_PROBLEM_
Will you write out the data exactly, excluding every picture?

_INPUT DATA_
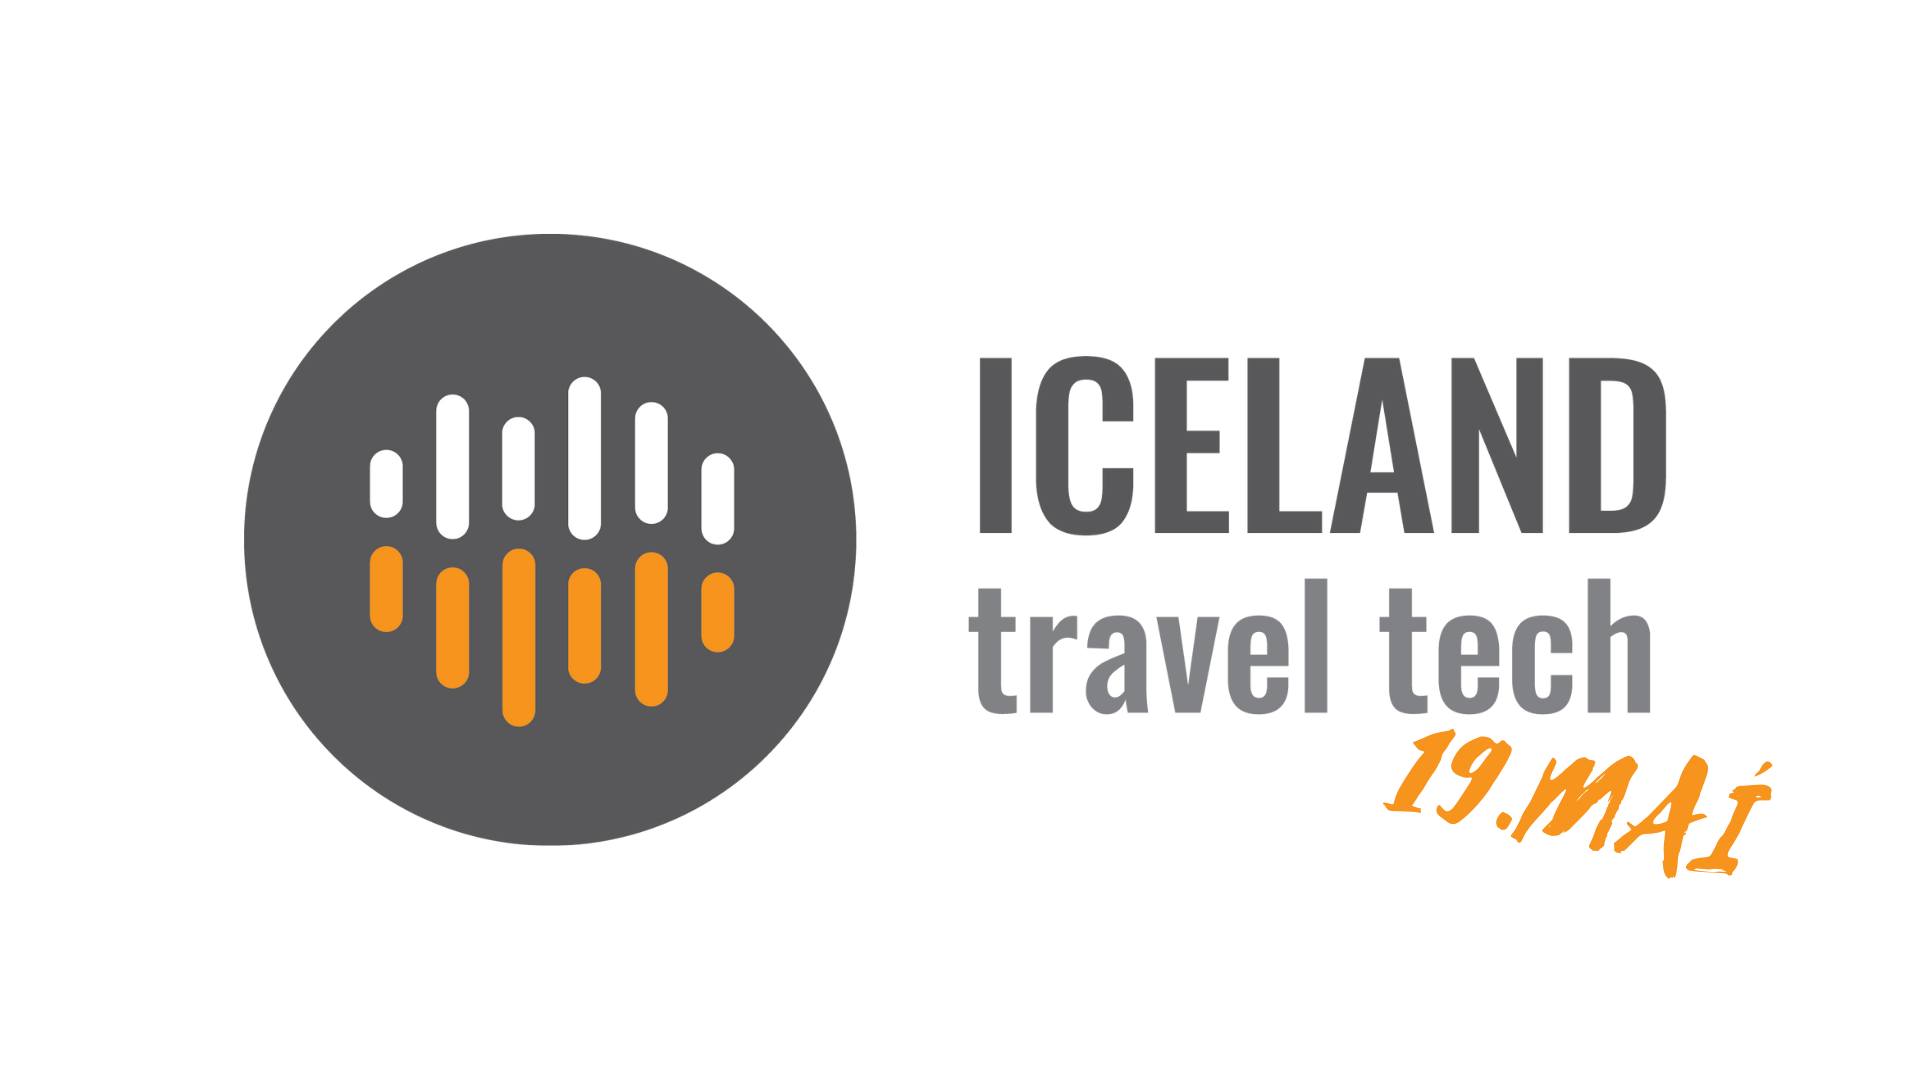 Iceland travel tech
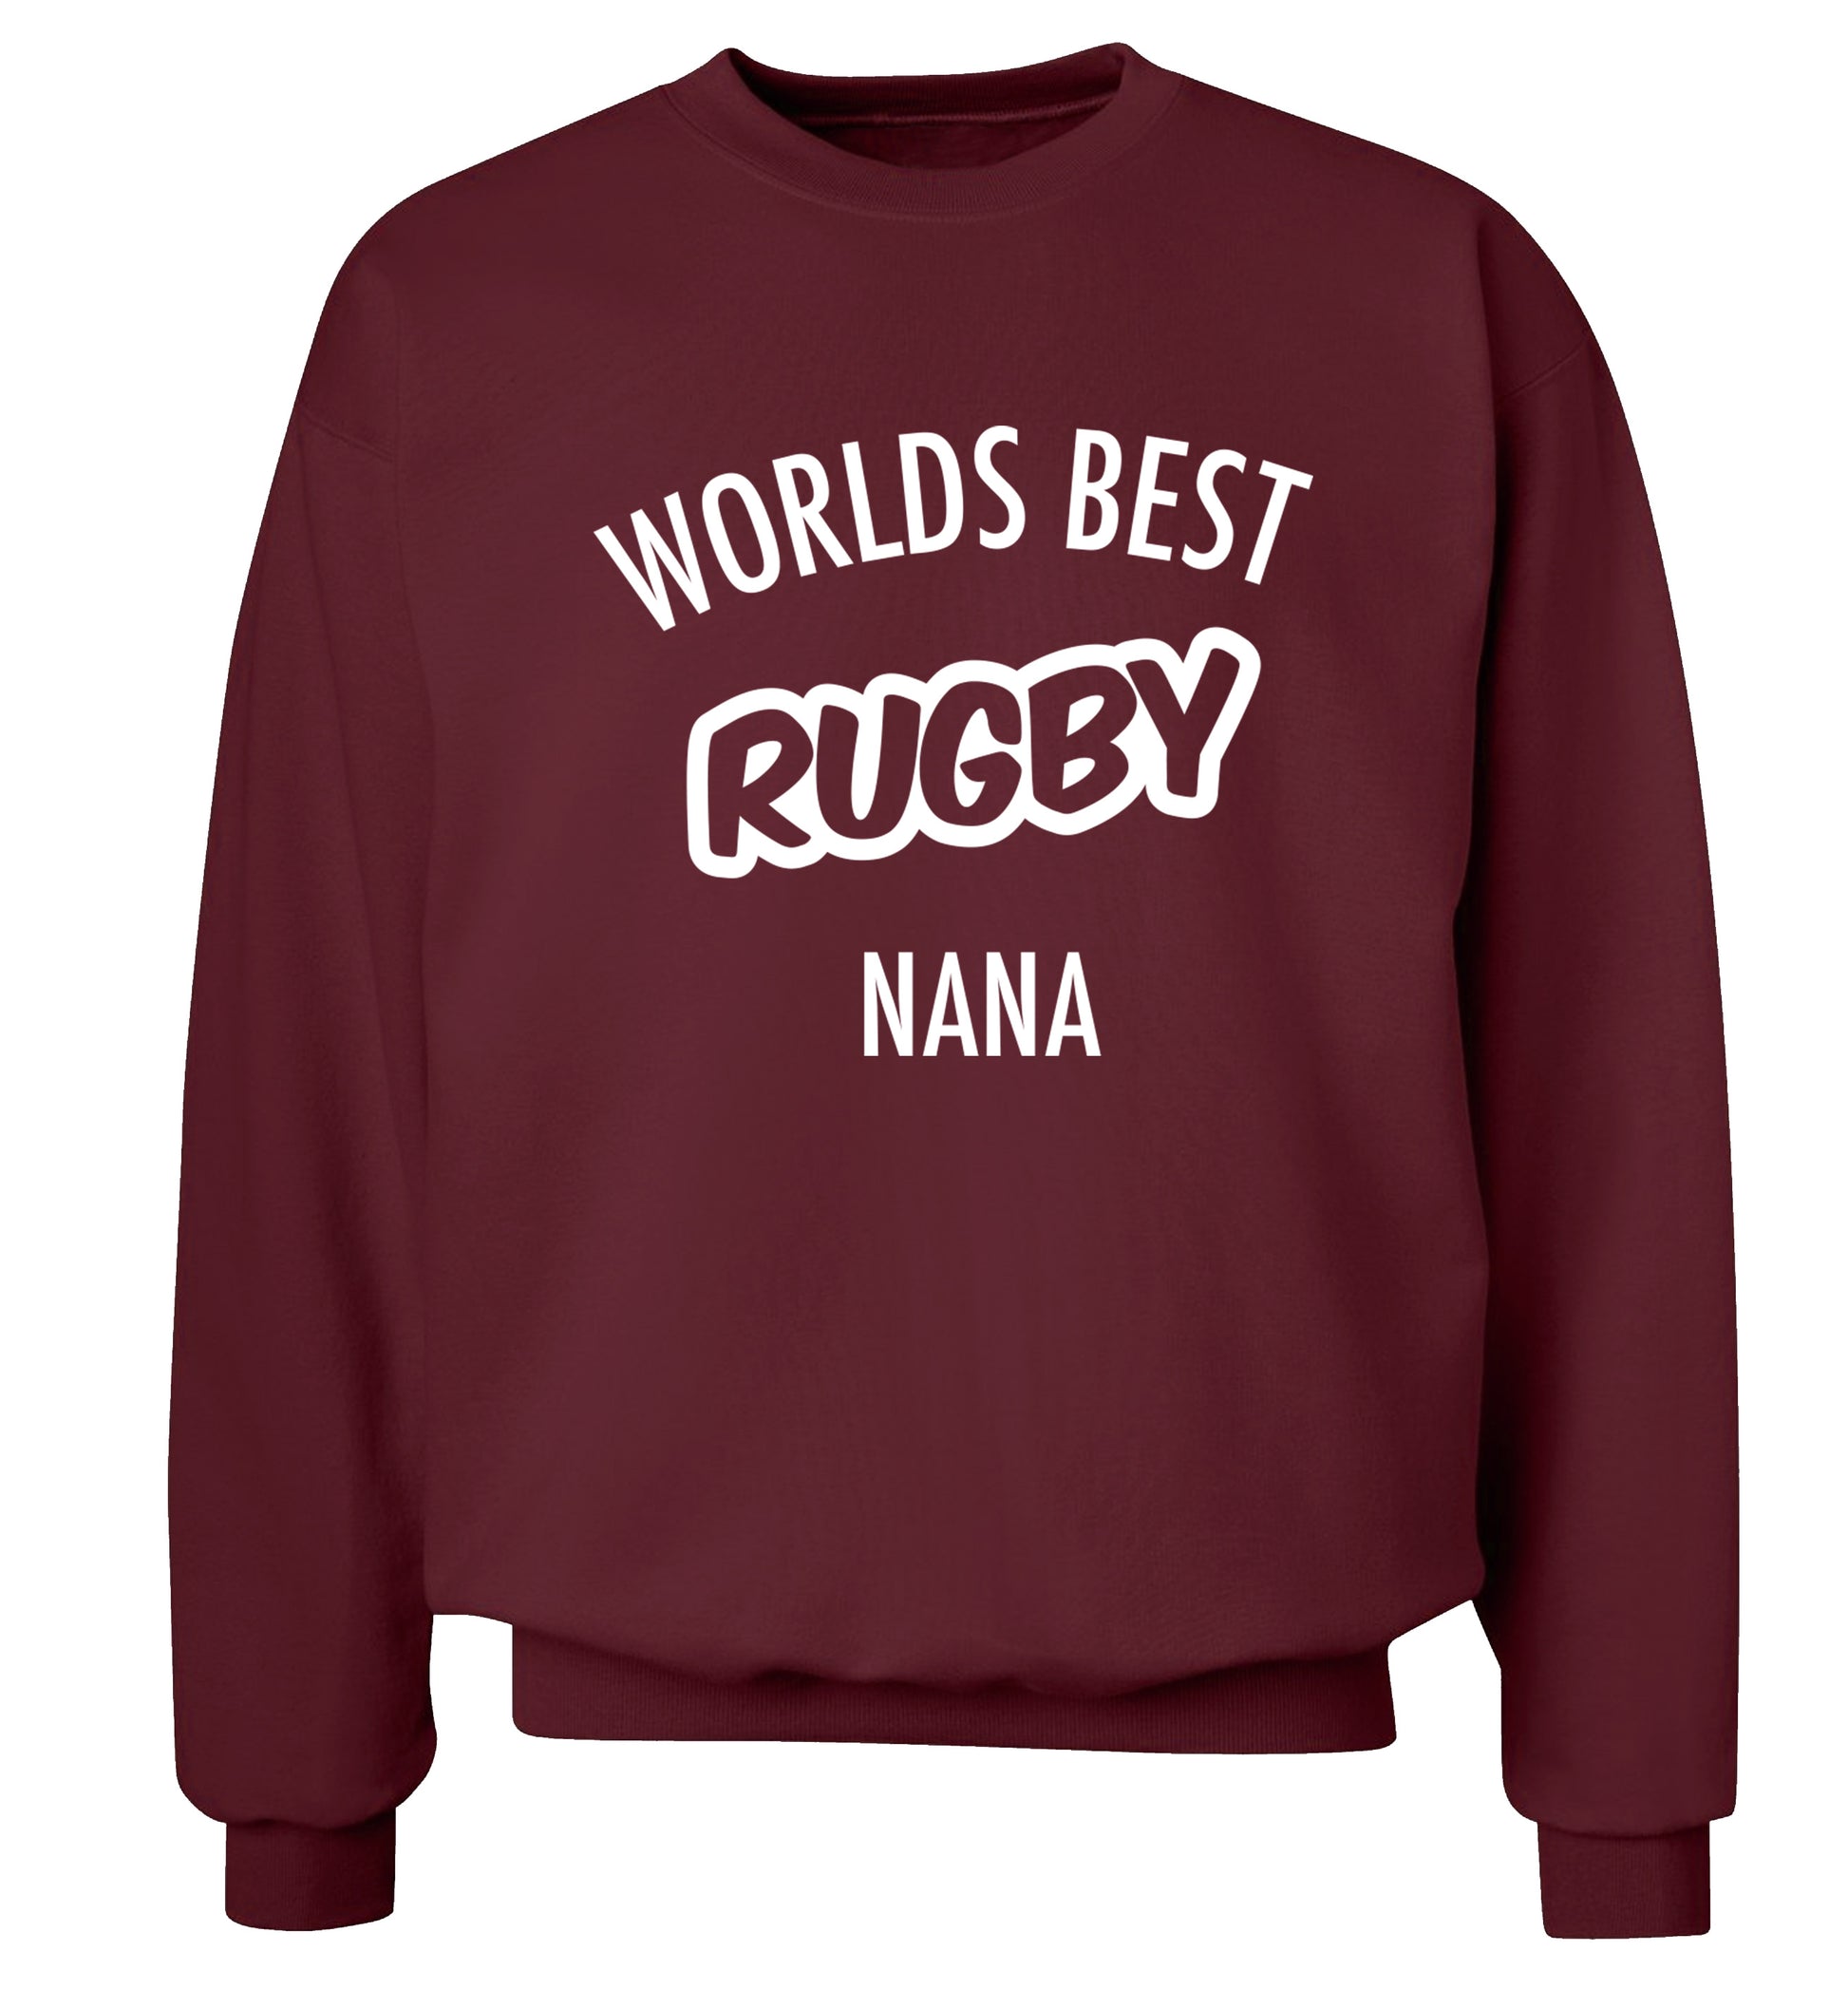 Worlds Best Rugby Grandma Adult's unisex maroon Sweater 2XL
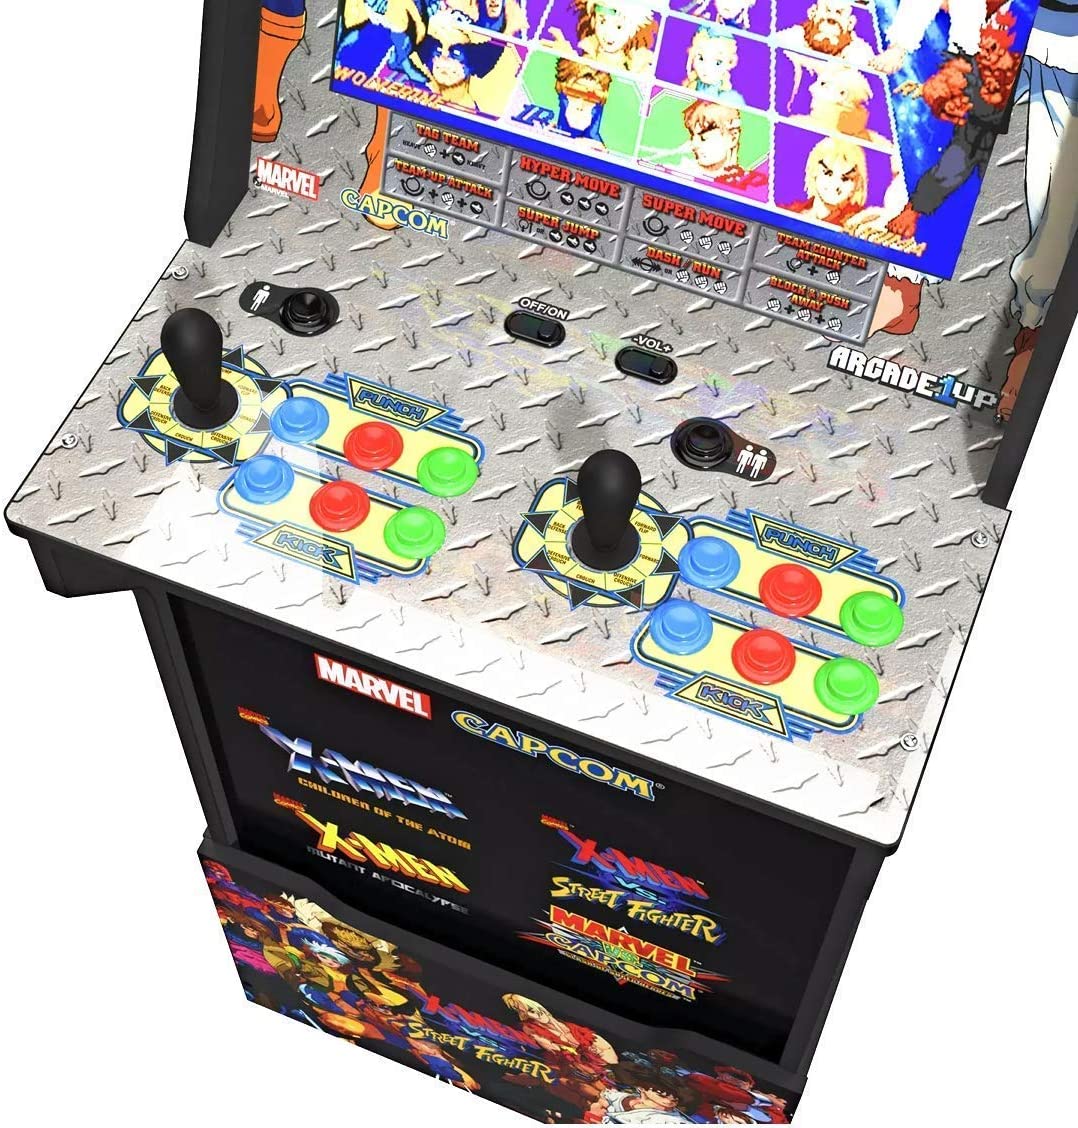 Arcade 1Up, X-Men vs. Street Fighter Arcade Machine - image 3 of 4
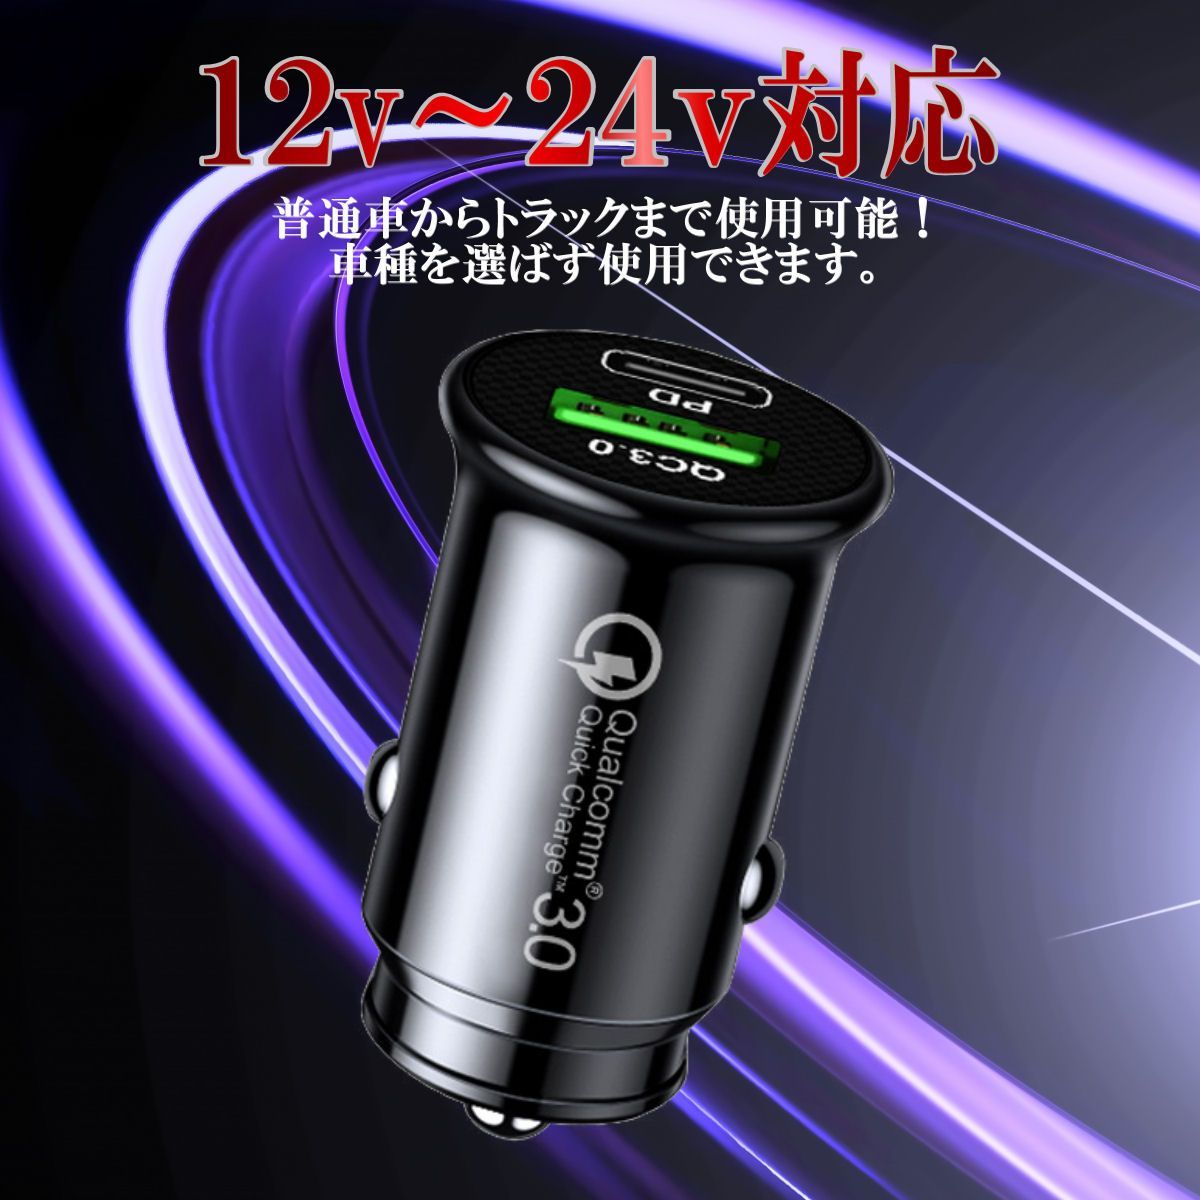 Quick Charge 3.0対応カーチャージャー iPhone・スマートフォン・タブレット充電 USB2ポート 急速充電 シガーソケット 5V 3A 最大出力36W 12V 24V対応 ブラック

_ANSWER SPACE_
 Iceland travel tech
 Worlds Best Rugby Grandma Adult's unisex maroon Sweater 2XL
 Arcade 1Up, X-Men vs. Street Fighter Arcade Machine - image 3 of 4
 Quick Charge 3.0対応カーチャージャー iPhone・スマートフォン・タブレット充電 USB2ポート 急速充電 シガーソケット 5V 3A 最大出力36W 12V 24V対応 ブラック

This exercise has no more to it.